Our team is responsible for pushing innovations in the Payments space, which is a cornerstone of JPMorgan Chase business. Payments are at the center of the global economy, connecting businesses and consumers around the world. In recent years, the payments industry has experienced rapid innovation with new technologies entering the market. Working in payments ML means being at the forefront of these changes and a potential for a meaningful and lasting impact on global finance.

As a Machine Learning Data Scientist, youwill be responsible for developing, testing, containerization and deployment of machine learning applications and models to cloud infrastructure. You will work closely with other team members to develop modular and scalable code using object-oriented programming concepts in Python, and collaborate with them using version control systems.


Job responsibilities:

  • .
  • Develop innovative ML-based solutions to address Operations' most challenging problems.
  • Collaborate with business partners to drive data-led transformations of the businesses.
  • Build robust Data Science capabilities scalable across multiple business use cases.
  • Collaborate with the software engineering team to design and deploy Machine Learning services integrated with strategic systems.
  • Research and analyze datasets using a variety of statistical and machine learning techniques.
  • Communicate AI capabilities and results to both technical and non-technical audiences.
  • Document approaches, techniques, and processes followed.
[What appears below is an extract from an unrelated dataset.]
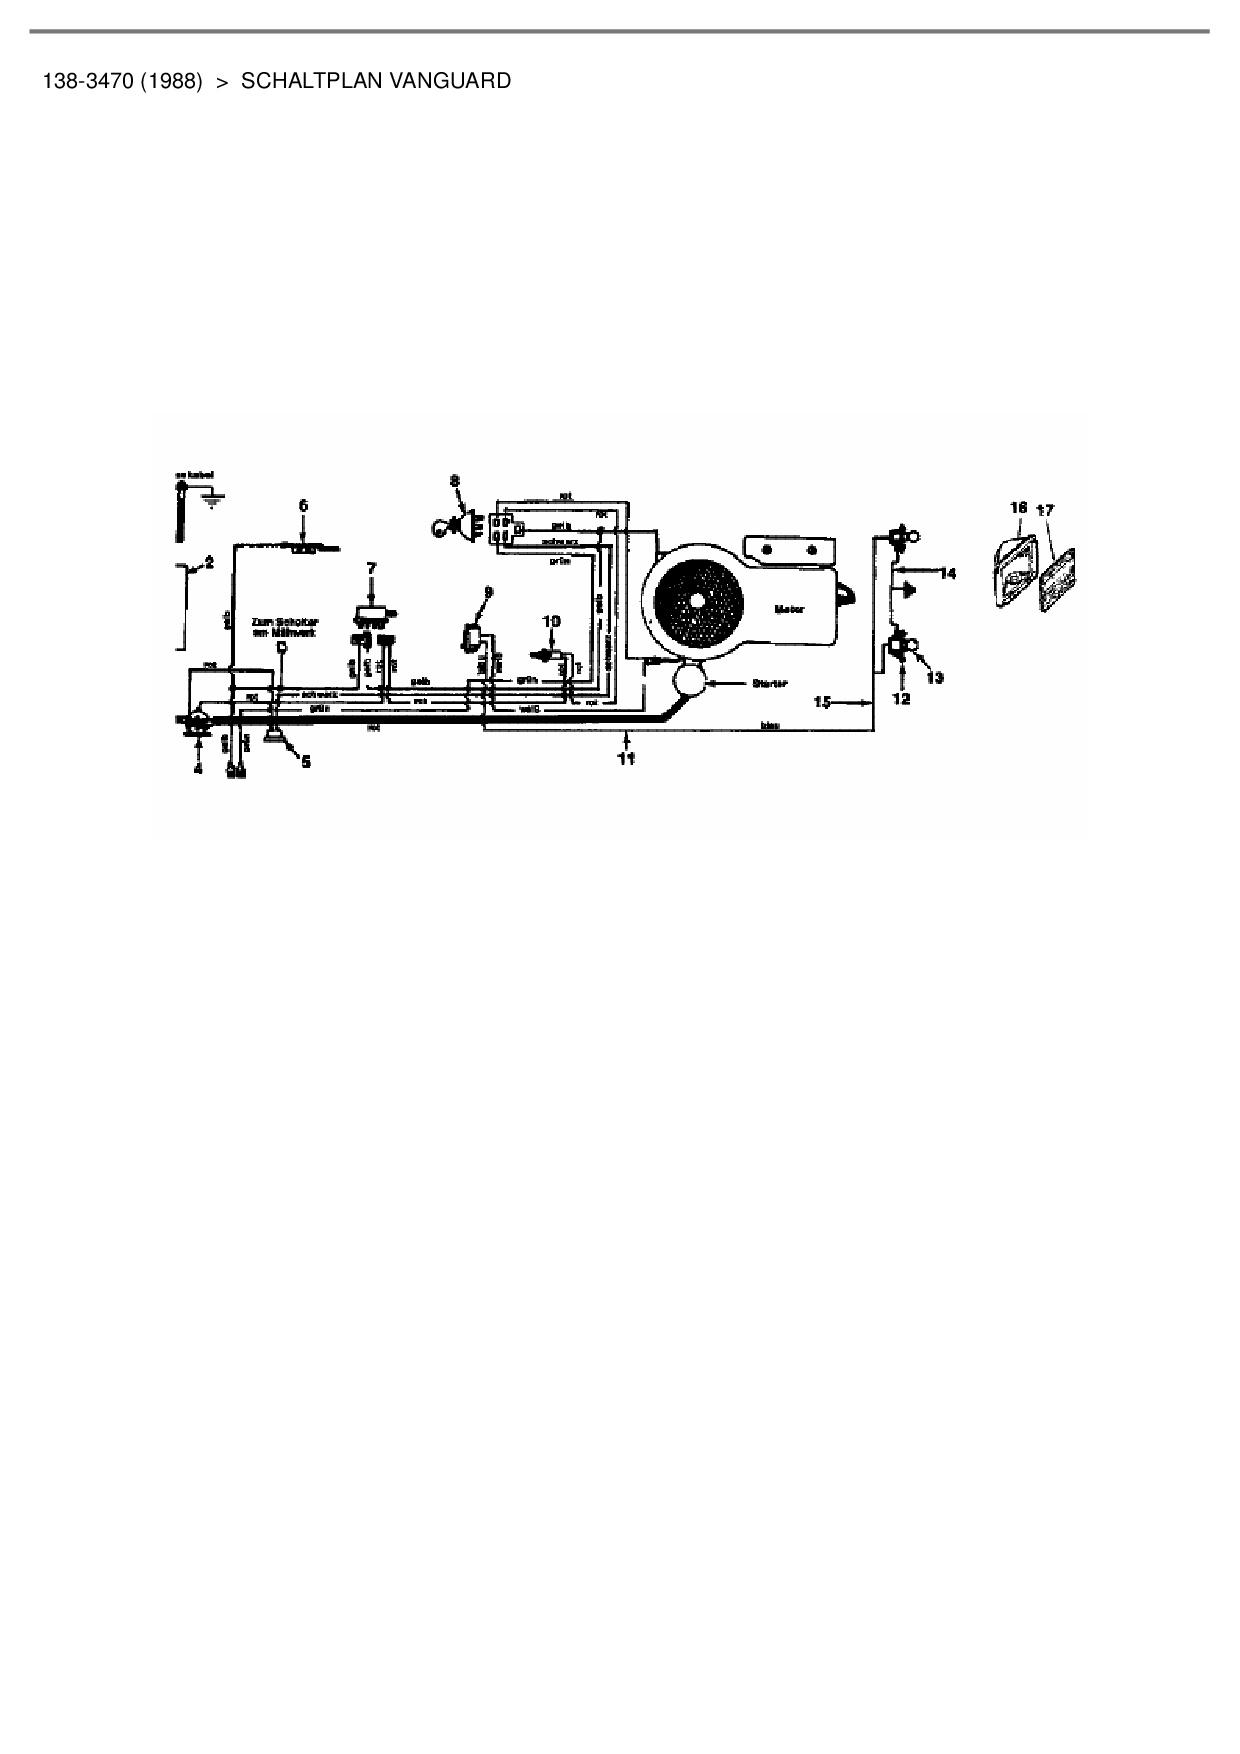 Ersatzteile von Columbia Rasentraktor 111/810 aus der Zeichnung Schal

Required Qualifications, Capabilities and Skills

  • Bachelor’s or Master’s degree in a quantitative field (e.g., Data Science, Computer Science, Applied Mathematics, Statistics, Econometrics).
  • Hands-on experience developing and deploying Data Science and ML capabilities in production at scale.
  • Strong Python development and debugging skills.
  • Ability to work both individually and collaboratively with others.
  • Curiosity, attention to detail, and interest in complex analytical problems.
  • Results-driven mindset and client focus.
  • Excellent solution ideation, problem solving, communication (verbal and written), and teamwork skills.

  • Preferred Qualifications, Capabilities, and Skills:
  • Experience with Natural Language Processing (NLP).
  • Ability to design intrinsic and extrinsic evaluations of a model's performance aligned with business goals.
  • Experience with machine learning frameworks (e.g., PyTorch, TensorFlow), data science packages (e.g., Scikit-Learn, NumPy, SciPy, Pandas, statsmodels) and GenAI toolkit.